#### EXERCISE
Write every line of the material again exactly, with no pictures in the copy.

#### INPUT DATA
◆ ◆ ◆ ◆

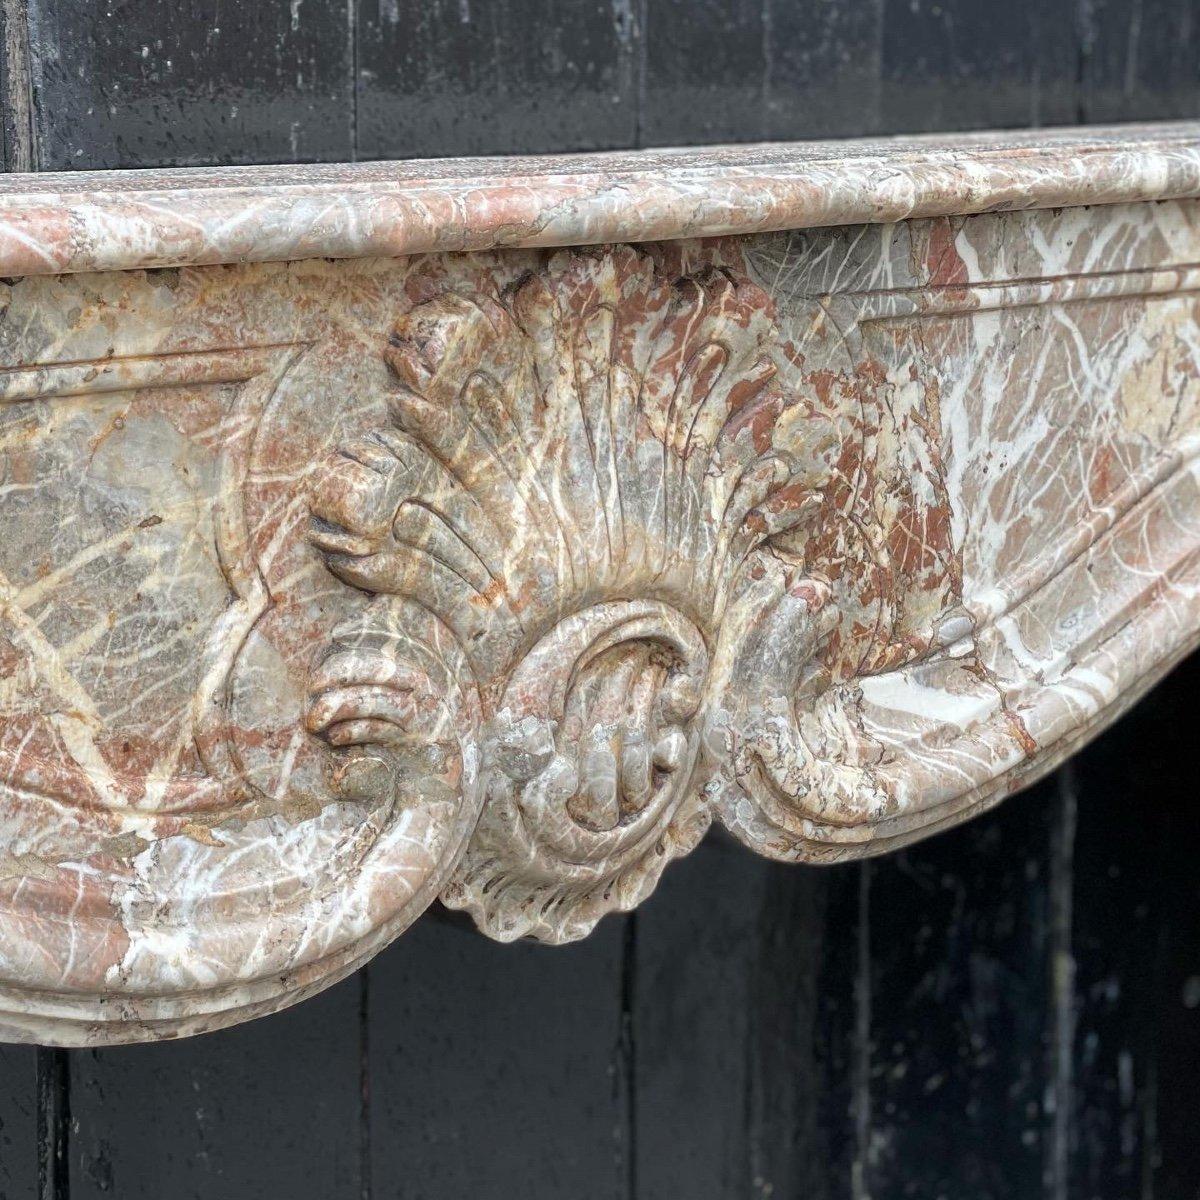 Regency-Kamin aus grauem Marmor aus den Ardennen

Restaurierter Türsturz 

Abmessungen der Feuerstelle: 93cm x 107cm

◆ ◆ ◆ ◆

#### RESULT FOR THIS EXERCISE
 Regency-Kamin aus grauem Marmor aus den Ardennen

Restaurierter Türsturz 

Abmessungen der Feuerstelle: 93cm x 107cm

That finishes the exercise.